CN219488752U - Independent rotation driving device for two-station cup mold - Google Patents

Abstract

The utility model discloses an independent autorotation driving device of a two-station cup die, which comprises a driving motor, a driving gear, 2 driven pulleys and a belt, wherein the output end of the driving motor is connected with the driving gear, the 2 driven pulleys are connected with the driving gear through the belt, the shafts of the driving gear and the driven pulleys are vertically upwards, the driving gear and the 2 driven pulleys form an isosceles triangle, and the belt at the outer sides of the 2 driven pulleys is contacted with a cup die shaft.

Description

Independent rotation driving device for two-station cup mold

Technical Field

The utility model relates to a plastic cup printing and conveying device, in particular to a two-station cup die independent autorotation driving device.

Background

The fast-consumption beverage packaging industry now takes plastic cups as the dominant, and along with the gradual development of the market and the change of demands, a plurality of new cup-shaped packaging materials are continuously emerging and are tried to be applied. The deficiencies and drawbacks of the cup printing devices of the current market manifest themselves during the course of the external demand changes.

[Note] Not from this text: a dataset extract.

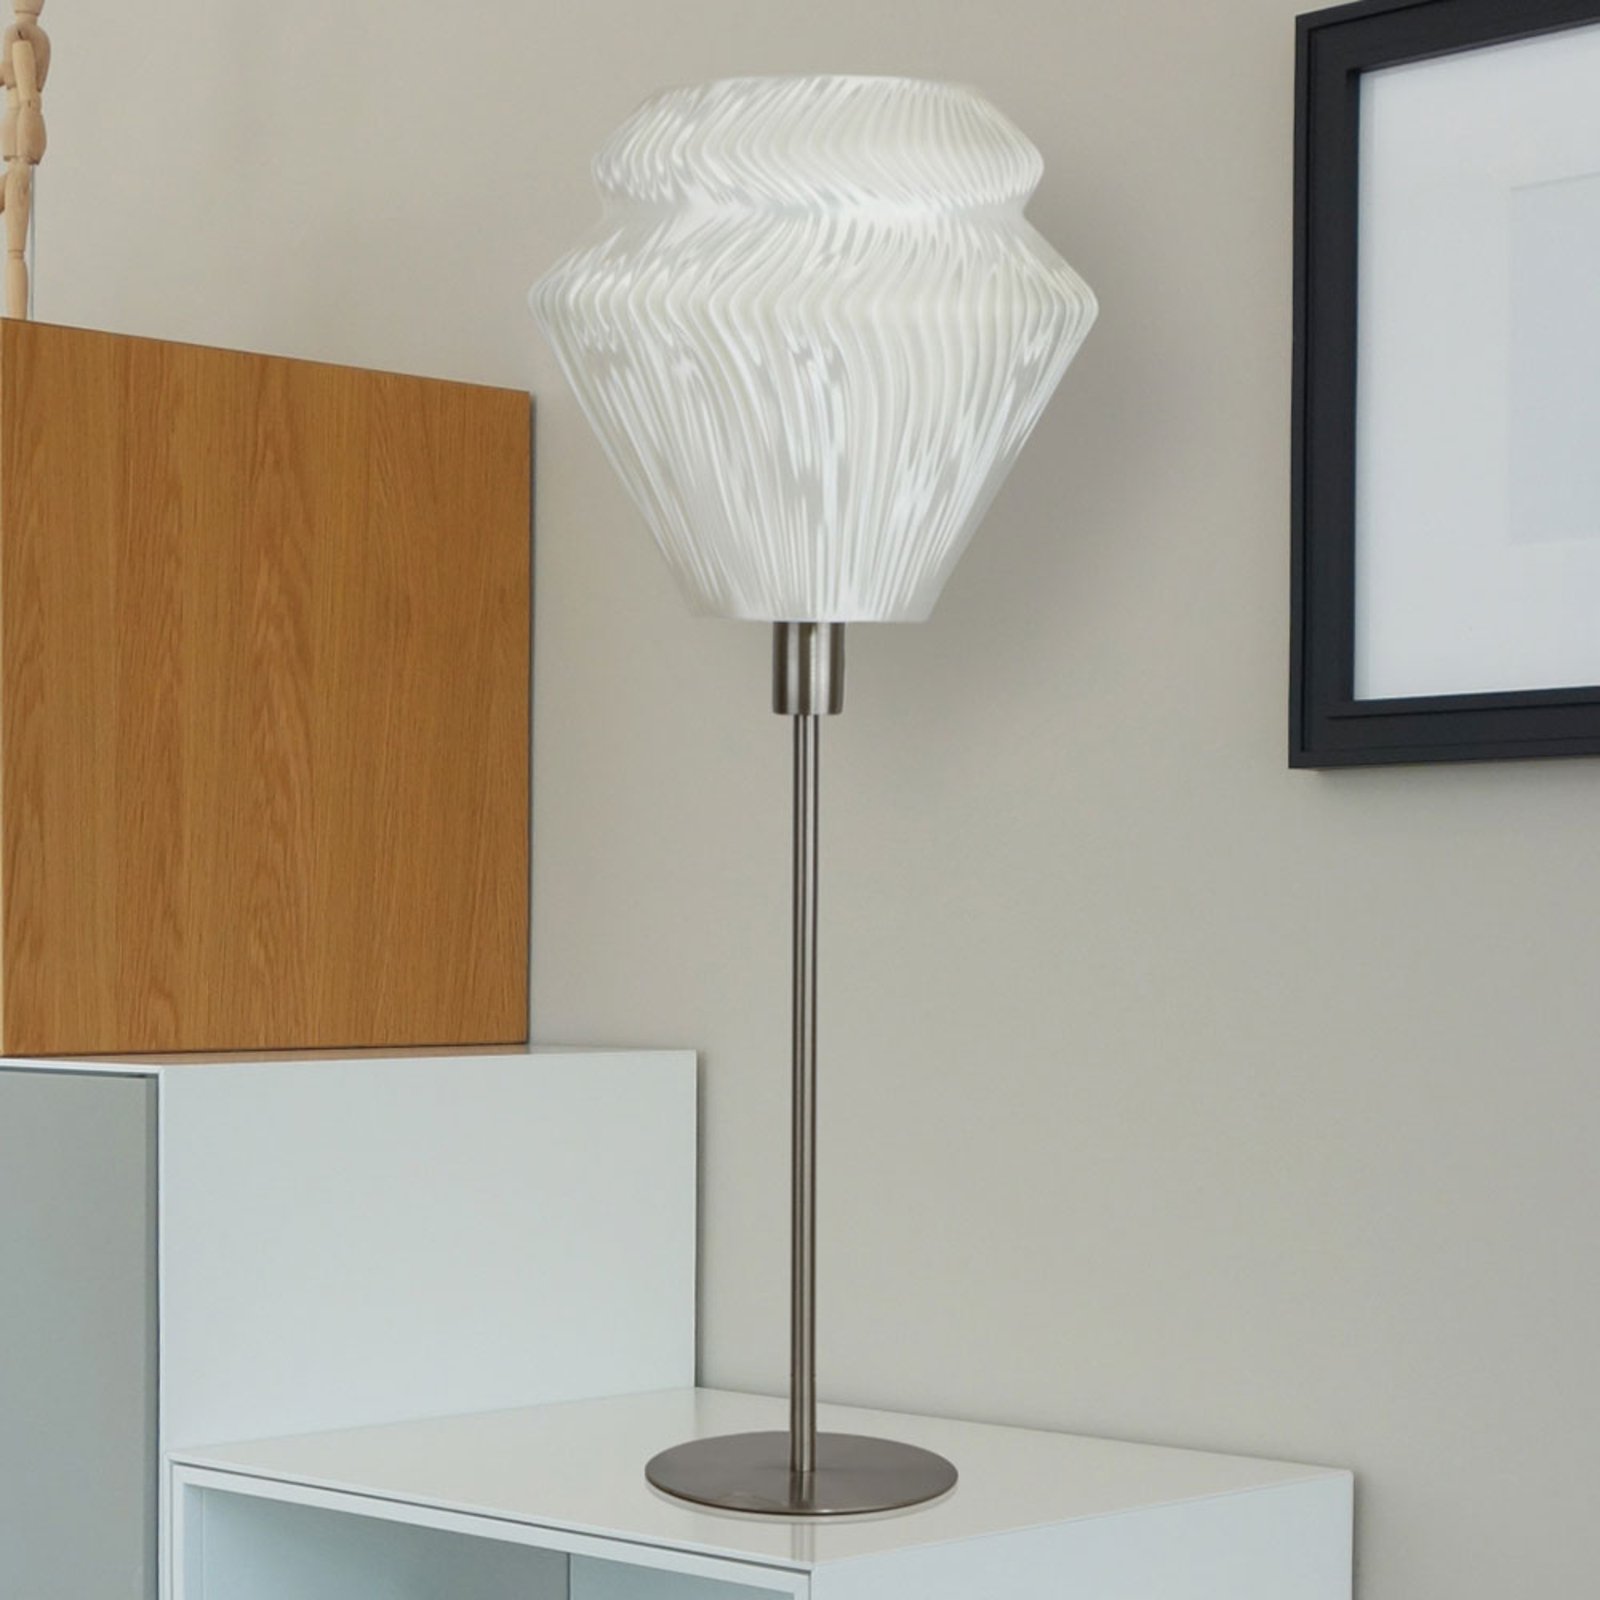 Bordslampa Lamell av biomaterial, Ø 25 cm
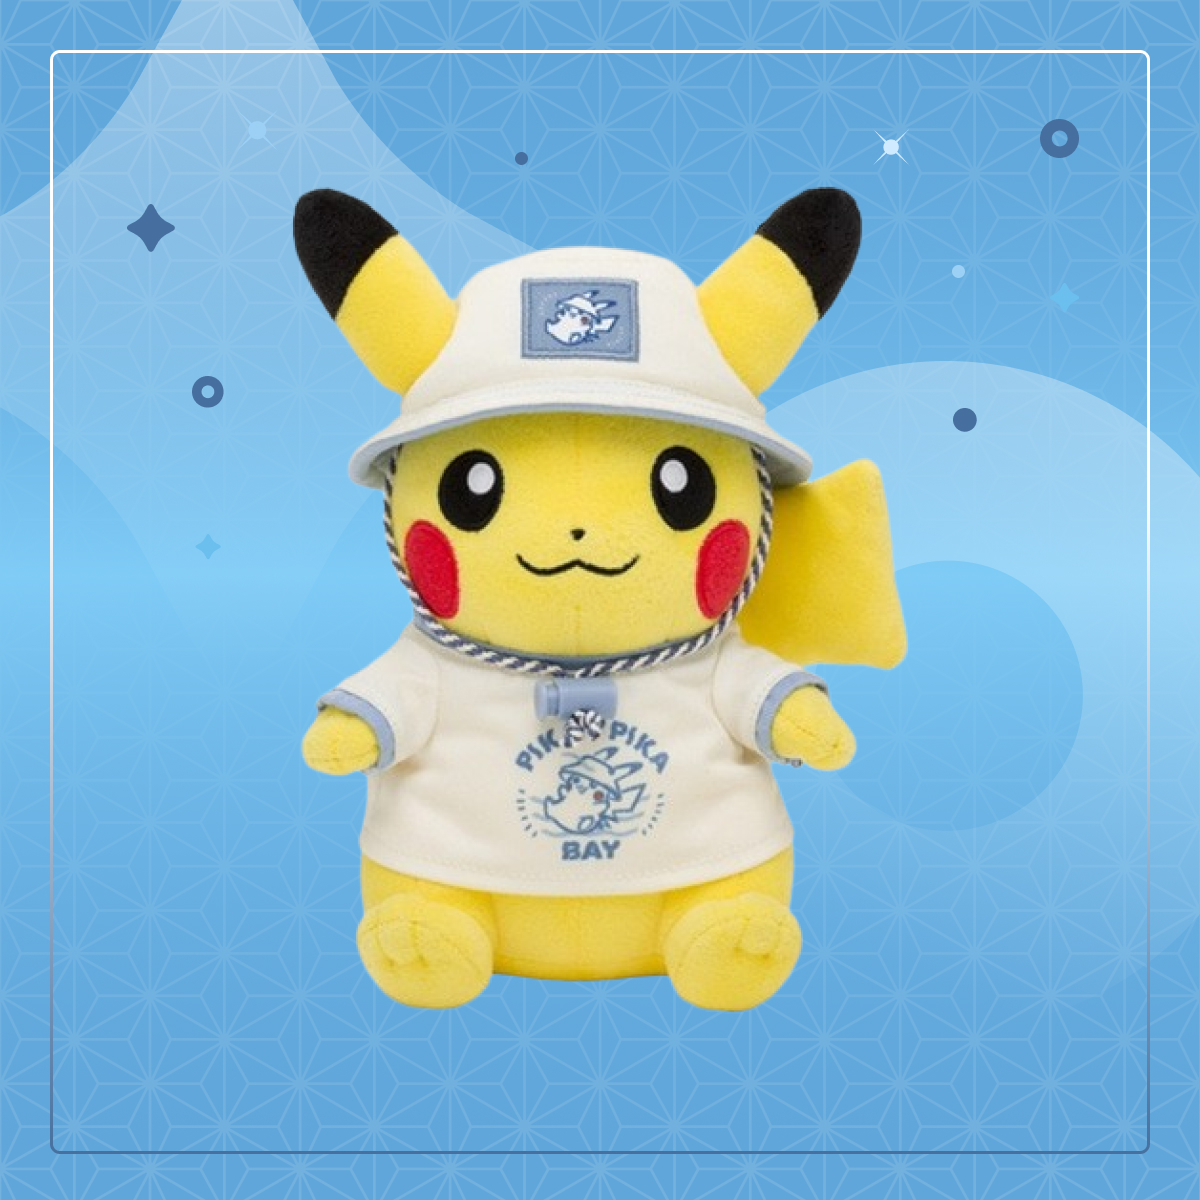 Alerte kawaii ! Une nouvelle peluche Pikachu est disponible ⚡ Avec son petit t-shirt Tokyo Bay et son chapeau d'été, elle est parfaite pour tous les fans de Pikachu et collectionneurs de peluches ! 🤩 #PokemonCenter #Pikachu  C'est par ici ⬇️ i.mtr.cool/klqjmnmokk

For the change of cup type: many frosted high cups and high transparent cups appear on the market, and the cups can generate fine friction marks and influence the printing quality during the high-speed printing process due to high-speed sleeve mold and demolding.

Aiming at the structural change of the cup: market demand is diversified, cup printers are beginning to be used in some new packaging fields; a beverage cup with a special structure at the mouth part, wherein the position of the pattern relative to the cup is required to be fixed during printing;

for cup material changes: paper cups are applied to the market at present, but traditional paper cup surface patterns are printed in a plane before forming, and the paper cup surface patterns are updated with consumption and the iteration speed of products is increased, so that the traditional paper cup surface printing mode is obviously disadvantageous and cannot meet the requirement of small-batch rapid customization. Customized paper cup printing needs to ensure that the printed pattern is fixed with the paper cup seam. This is a new orientation of the cup press.

In view of the above problems, the cup mold rotation driving system of the current equipment has defects, and the current cup mold rotation driving system drives eight cup molds on the whole mold mounting plate to rotate simultaneously. For the problem of scratches, in this driving mode, for frosted high and high transparent cups, etc., the scratches can occur at the in-and-out stations: spiral scratches are generated at the moment that a non-rotating cup contacts with a cup mold rotating at a high speed at a cup feeding station; at the moment of the cup discharging station and the cup mold separating, the rotating speed of the cup is reduced because the cup mold keeps rotating at a high speed, and the speed difference is generated between the cup and the cup mold, so that scratches can be generated at the moment. The current drive configuration is clearly unsatisfactory for special configurations of cup printing or paper cup printing requiring the pattern to be circumferentially fixed relative to a location of the cup. The current cup driven by the driving structure is randomly jointed at the printing starting position or the special structure of the cup mouth, and the position fixing of the printed pattern cannot be ensured.

Disclosure of Invention

The utility model provides an independent autorotation driving device for a two-station cup die, which solves the problem of the rotation defect of the existing cup die.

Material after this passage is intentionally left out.